As a child in Frankfurt, I’d loved U.S. soldiers, but now I was seeing those troops—and America itself—from a different vantage point. My previous experience wi
th Americans had come from growing up near a U.S. military base. When I was in kindergarten, my mother tells me, I liked to flirt with the soldiers. Whenever I saw them in the streets, they would smile and give me chewing gum or a lollipop. Most important, the Americans spent a lot of time working with the school for handicapped children that Fatma attended. Every year, they organized a Special Olympics. It was held on a grassy field, and there were hot dogs, soft drinks, and ice cream. One soldier would volunteer to take care of each child, and everyone got a medal.
But the American soldiers I saw in Iraq weren’t friendly. I began to understand that most American soldiers knew little or nothing about Iraq or about Arab culture. Once, when I wanted to go to a press conference in the Green Zone, I decided on purpose to stand in the line for Iraqis rather than the one for foreigners. As I waited, an American soldier walked past, gun in hand, grimacing and spitting on the ground. I could see that the Iraqis in the line were appalled.
“Excuse me,” I said to the soldier, in English. “Don’t do that. It’s very rude. It’s as if you’re spitting on their country.”
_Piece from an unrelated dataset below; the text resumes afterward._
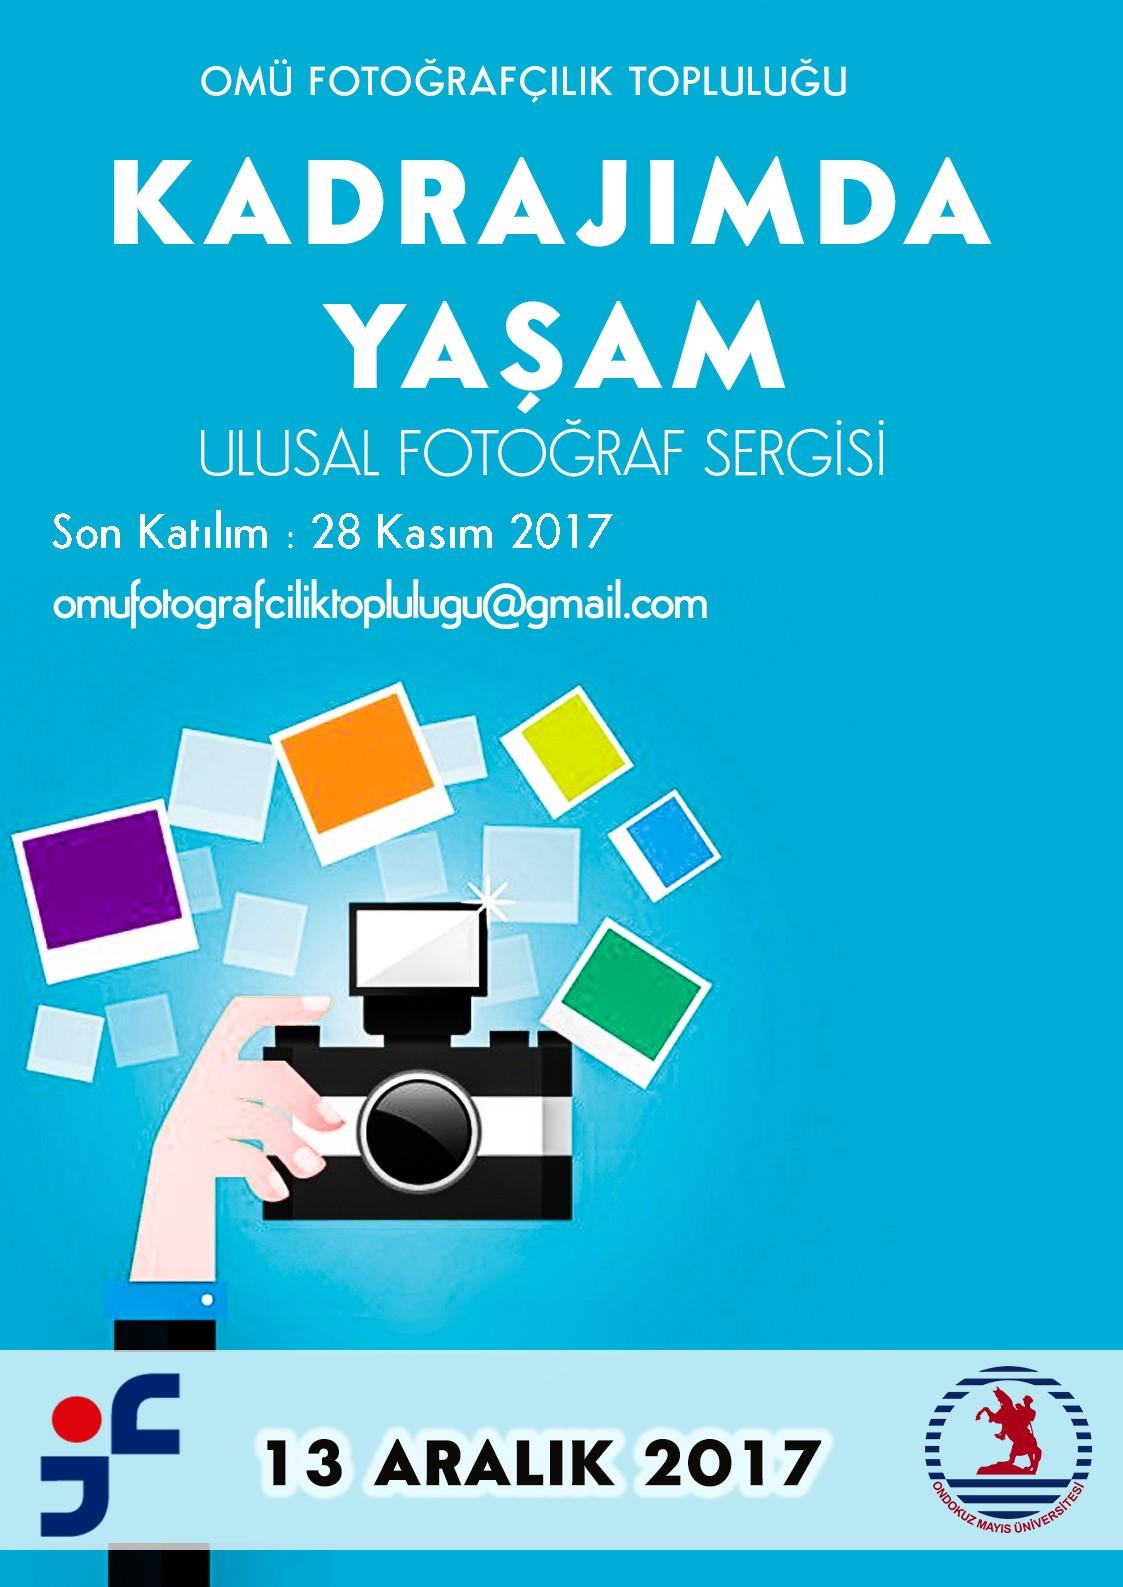 http://www.omu.edu.tr/sites/default/files/kadrajimda_yasam_ulusal_fotograf_sergisi.jpg

I didn’t spend much time with American soldiers in Iraq. But one day in July 2003, I got a call from an Iraqi source who urged me to come to Mosul as fast as I could. “There’s a shoot-out going on here,” he said. “American soldiers are involved as well. I cannot say more. The phones might be tapped.”
We confirmed that there was shooting, and we heard that American soldiers were conducting an operation. But against whom? I called my source back and asked an adviser to drag him out of a meeting.
“Do you know what is going on?”
“Yes,” he answered. “The U.S. soldiers are having a heavy battle with people who were hiding in a house.”
“Who are these people?”
“I can’t give you details now, but you should come. This is big.”
I told him it was too risky to come without knowing who was involved. The road to Mosul wasn’t safe, and the bureau chief would want to know why we were going.